_DESCRIPTION OF THE TASK_:
Output only the lines that run from the line holding "Wellen Aus Wasser Und Wichse" to the end of the entries, both ends included, and skip the pictures.

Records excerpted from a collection
────

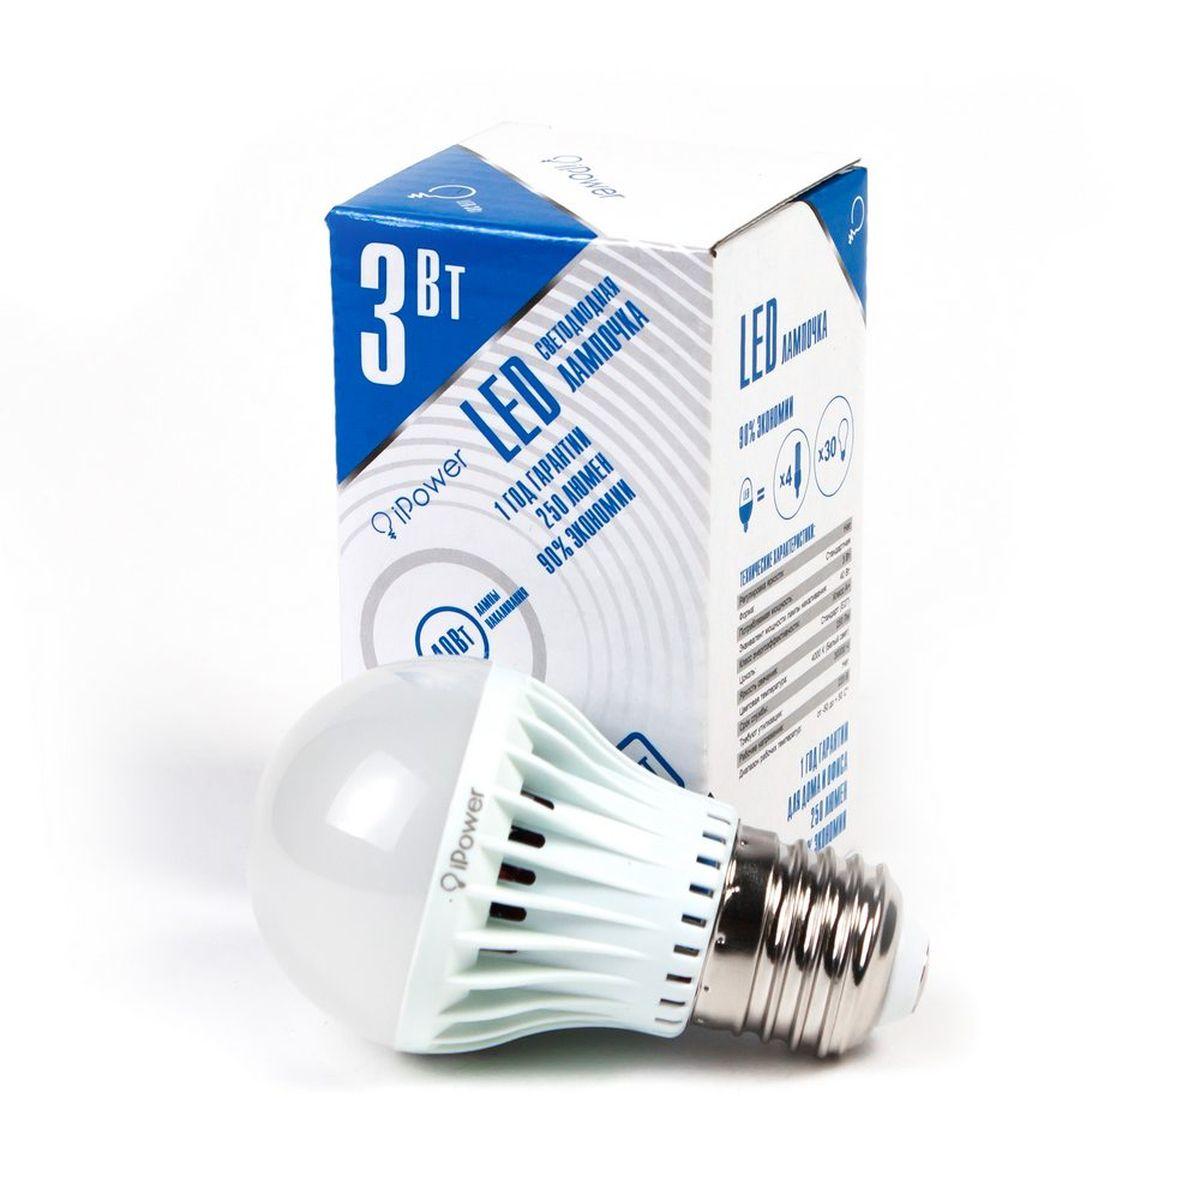 Лампа светодиодная iPower, цоколь Е27, 3W, 4000К1001947Светодиодная лампа iPower имеет очень низкое энергопотребление. В сравнении с лампами накаливания LED потребляет в 12 раз меньше электричества, а в сравнении с энергосберегающими - в 2-4 раза меньше. При этом срок службы LED лампочки в 5 раз выше, чем энергосберегающей, и в 50 раз выше, чем у лампы накаливания. Светодиодная лампа iPower создает мягкий рассеивающий свет без мерцаний, что совершенно безопасно для глаз. Она специально разработана по требованиям российских и европейских законов и подходит ко всем осветительным устройствам, совместимым со стандартным цоколем E27. Использование светодиодов от мирового лидера Epistar - это залог надежной и стабильной работы лампы. Нейтральный белый оттенок свечения идеально подойдёт для освещения, как офисов, образовательных и медицинских учреждений, так и кухни, гостиной. Диапазон рабочих температур: от -50°C до +50°С. Материал: поликарбонат. Потребляемая мощность: 3 Вт. Рабочее напряжение: В 220В. ...
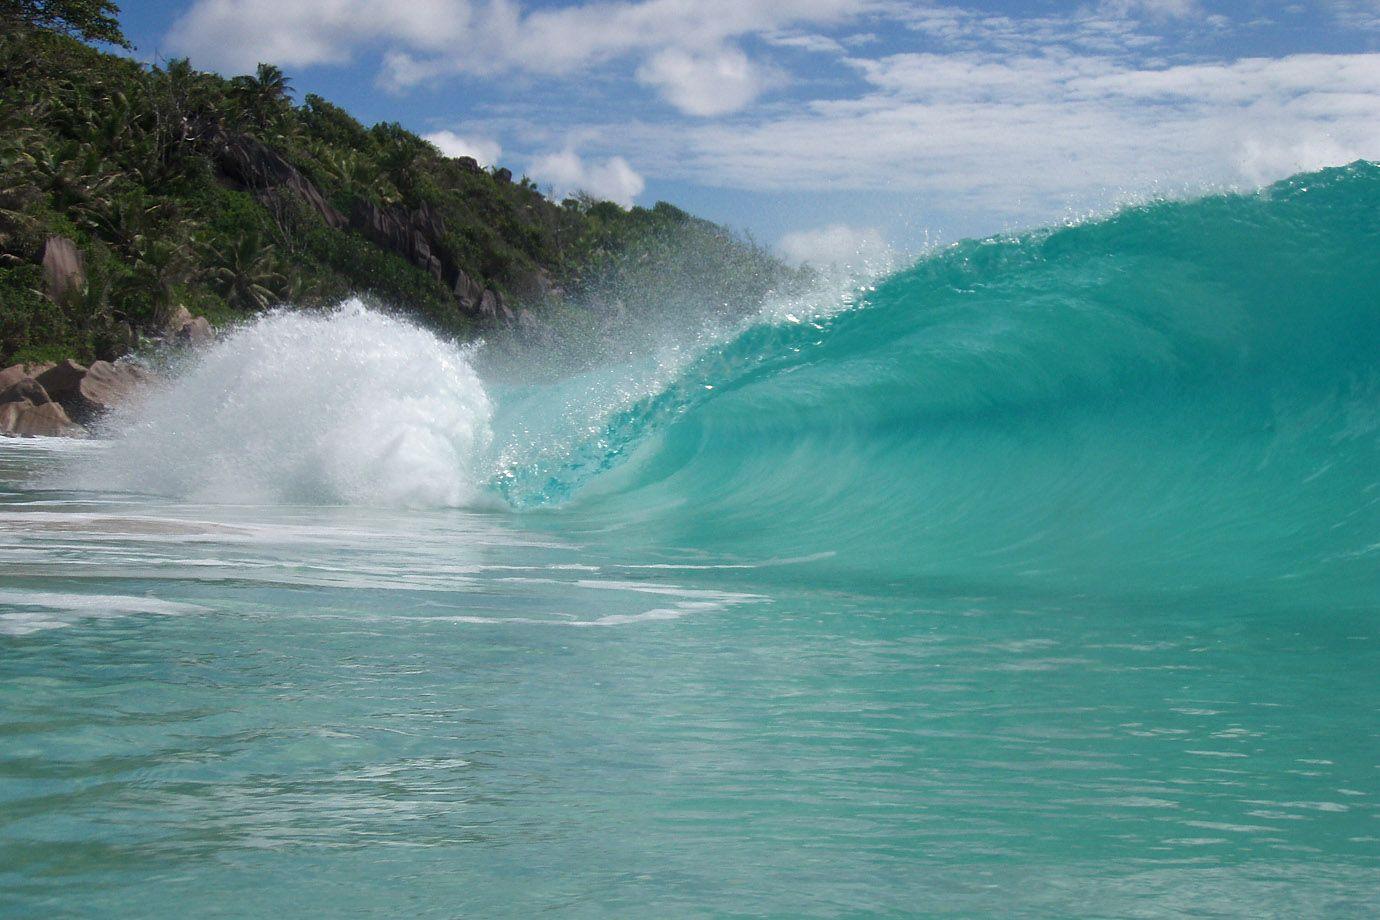 Wellen Aus Wasser Und Wichse
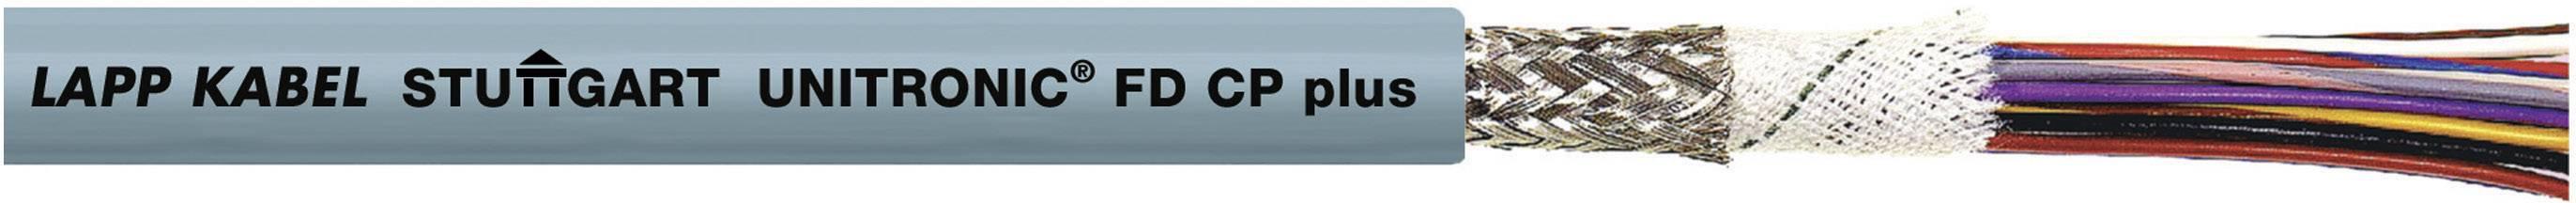 Datový kabel LappKabel UNITRONIC FD CP PLUS 4X0,25 (0028891), 4x 0,25 mm², Ø 5,5 mm, stíněný, 300 m, šedá
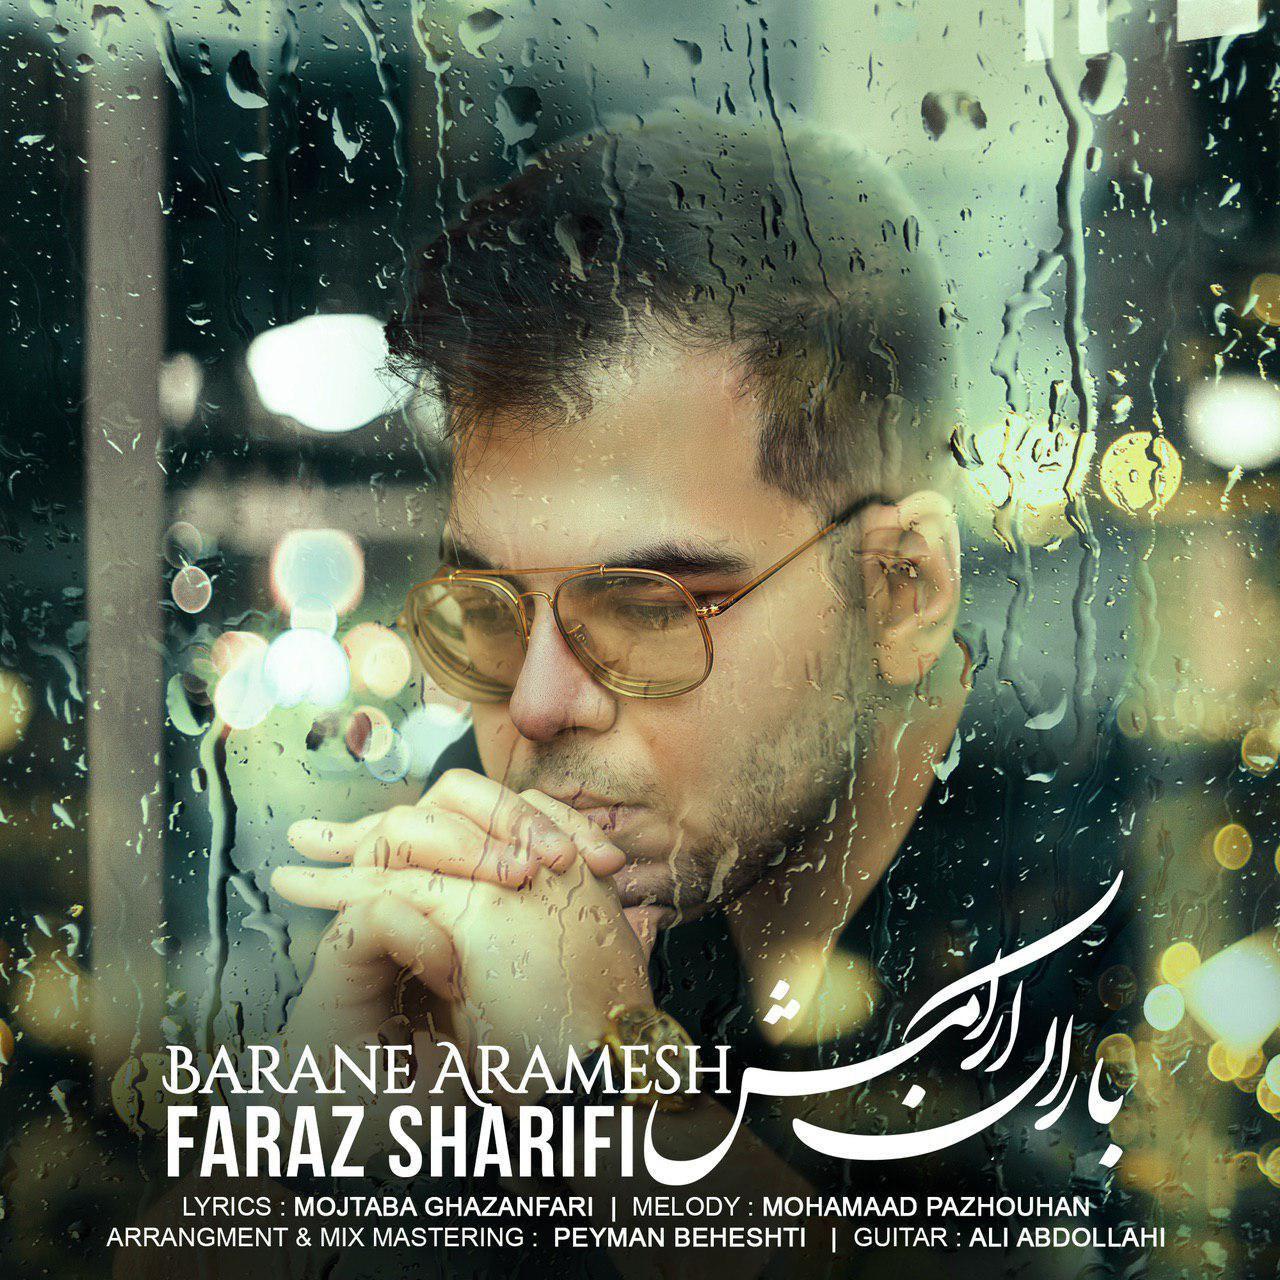 Faraz Sharifi – Barane Aramesh
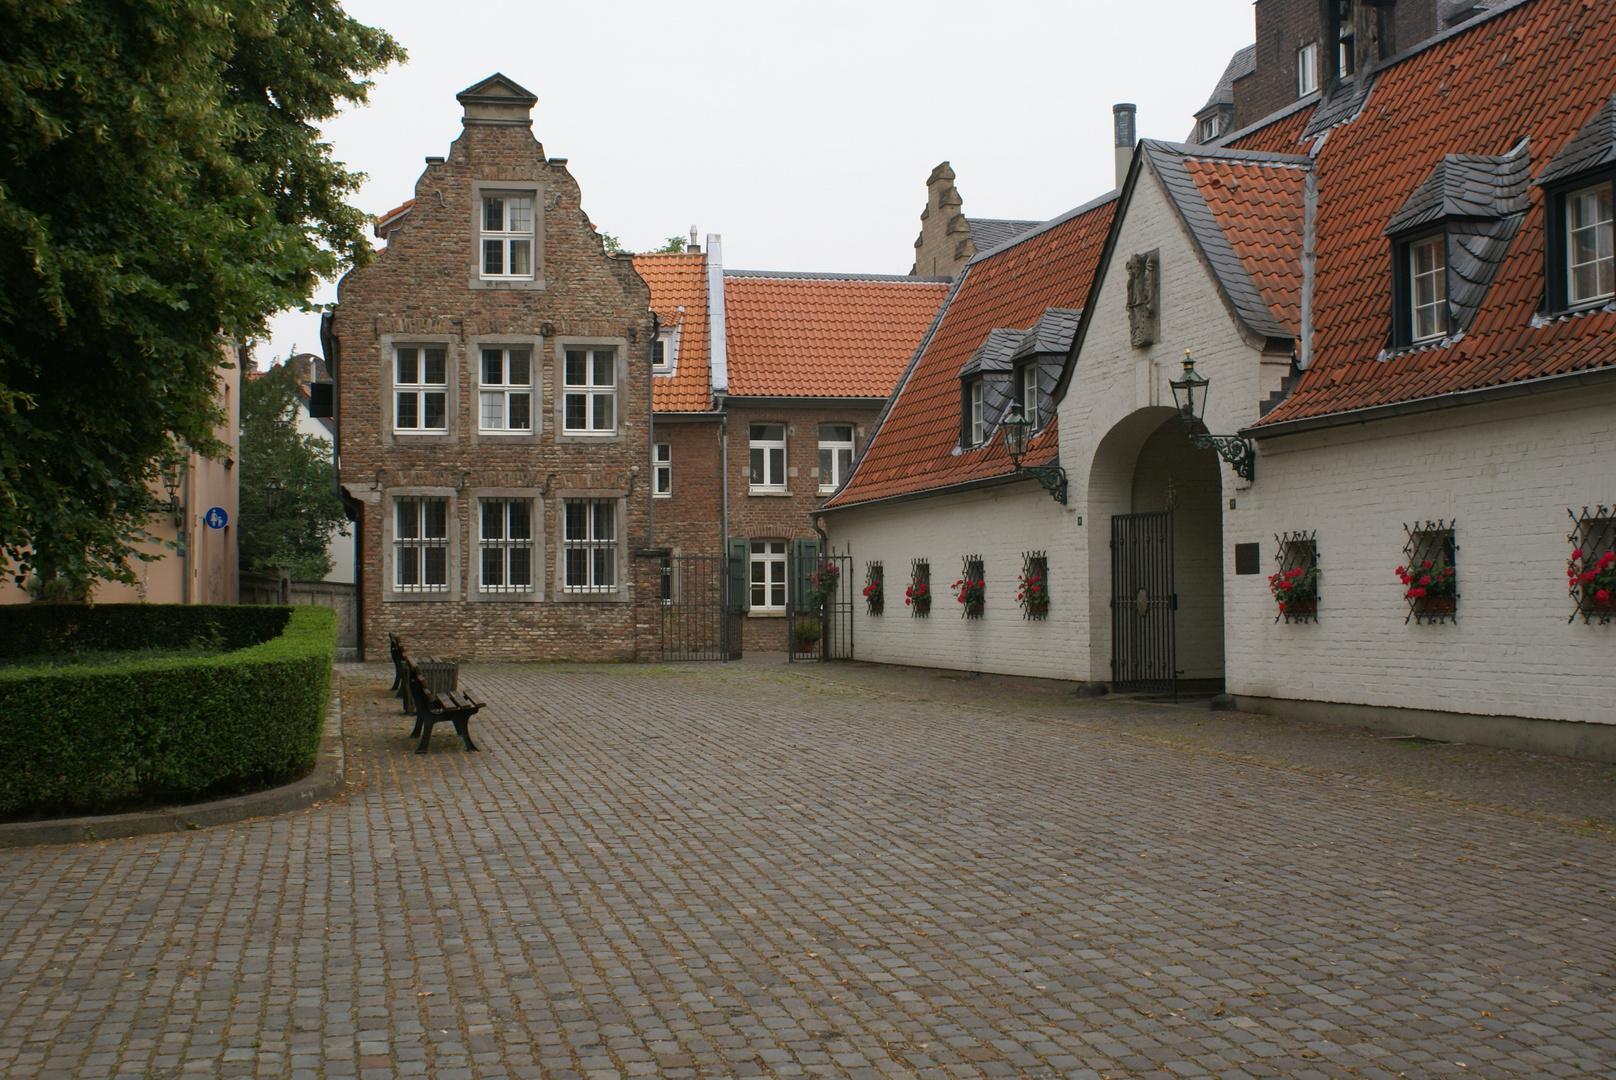 Stiftsplatz in Kaiserswerth
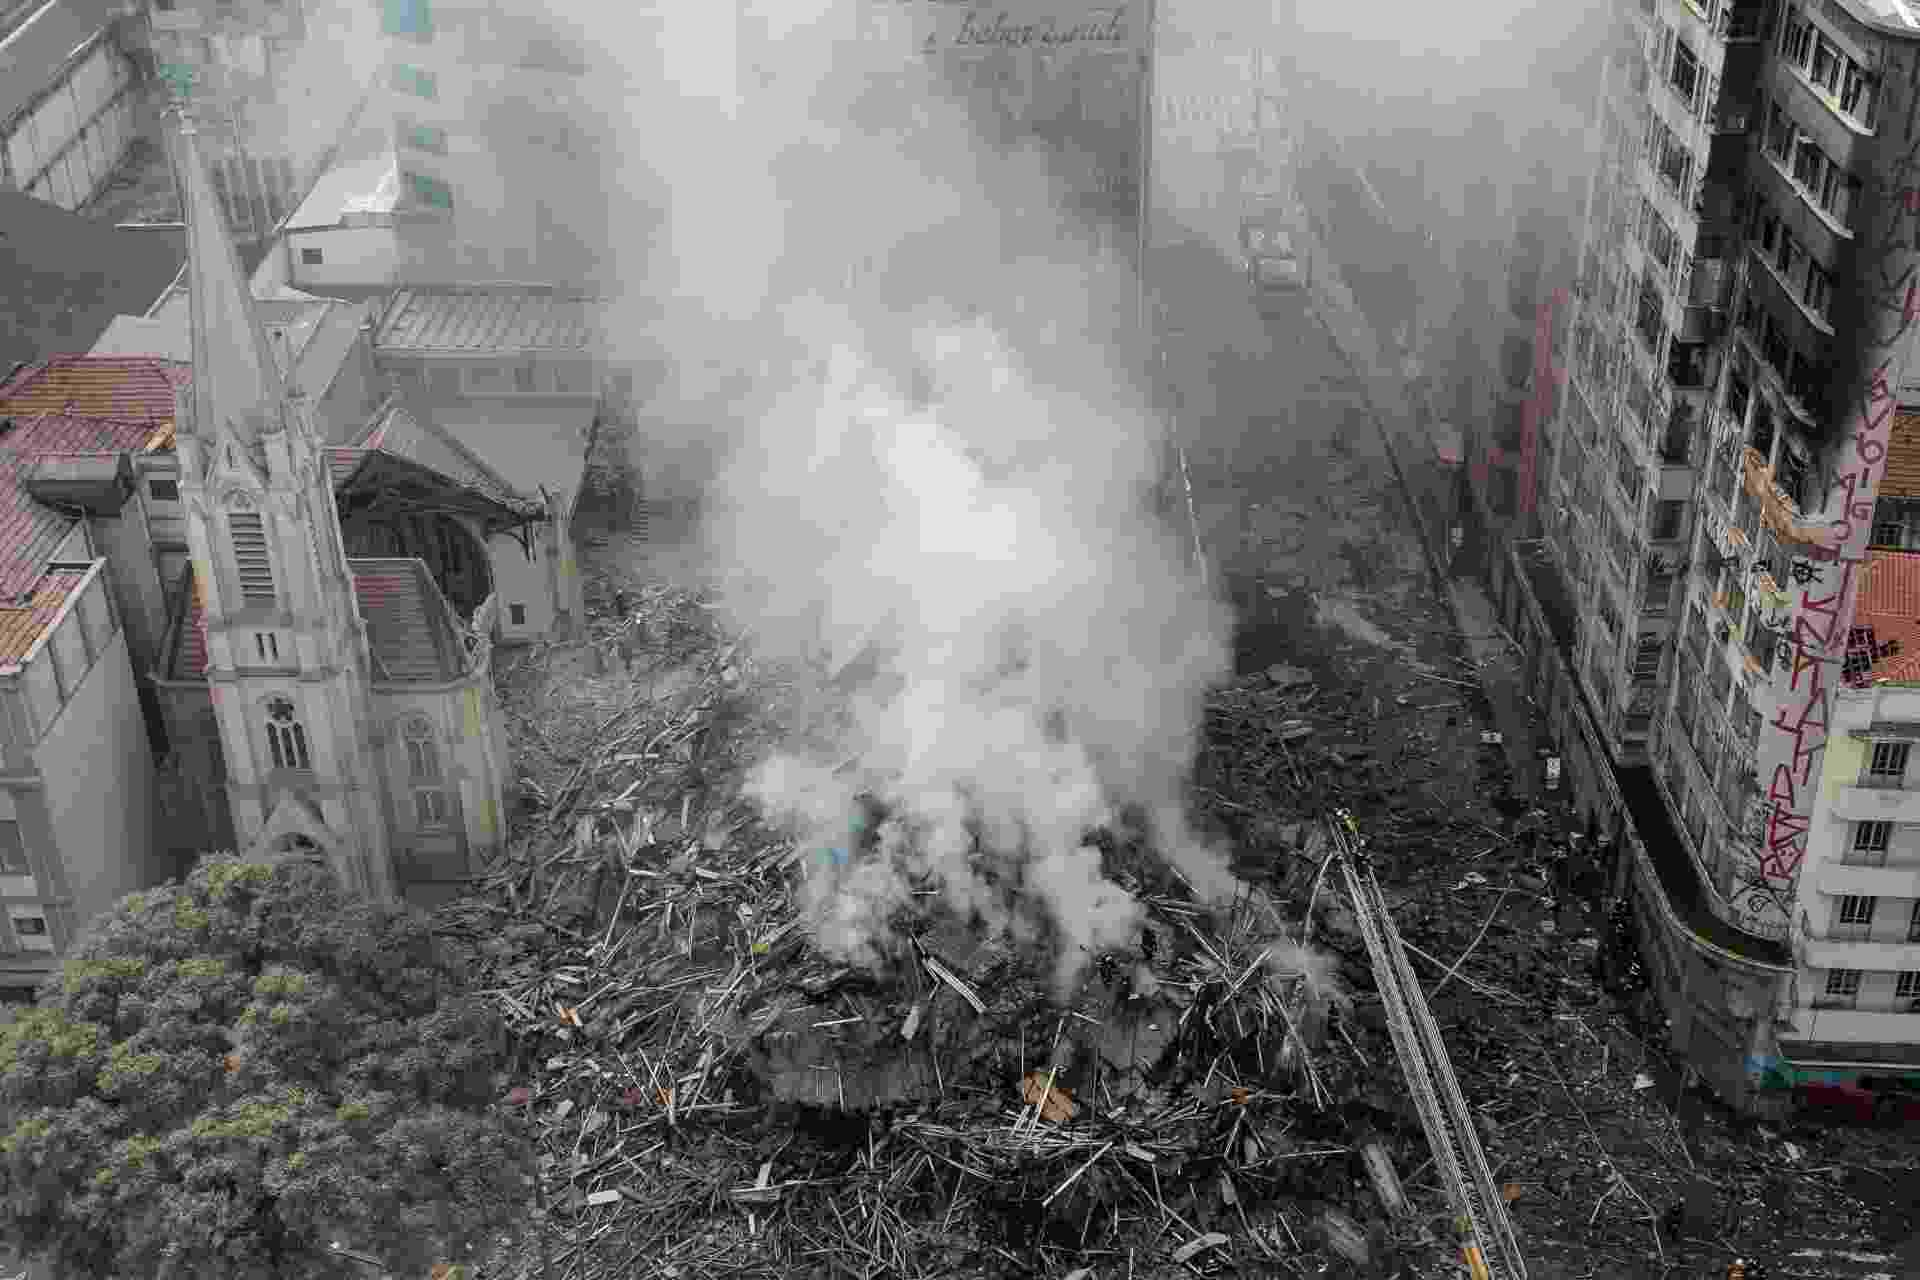 1º.mai.2018 - Foto aérea mostra o raio de destruição provocado pelo desabamento do prédio de 24 andares que pegou fogo no centro de SP - Newton Menezes/Futura Press/Estadão Conteúdo

────

_FINISHED TASK_:
 Wellen Aus Wasser Und Wichse
 Datový kabel LappKabel UNITRONIC FD CP PLUS 4X0,25 (0028891), 4x 0,25 mm², Ø 5,5 mm, stíněný, 300 m, šedá
 Faraz Sharifi – Barane Aramesh
 Stiftsplatz in Kaiserswerth
 1º.mai.2018 - Foto aérea mostra o raio de destruição provocado pelo desabamento do prédio de 24 andares que pegou fogo no centro de SP - Newton Menezes/Futura Press/Estadão Conteúdo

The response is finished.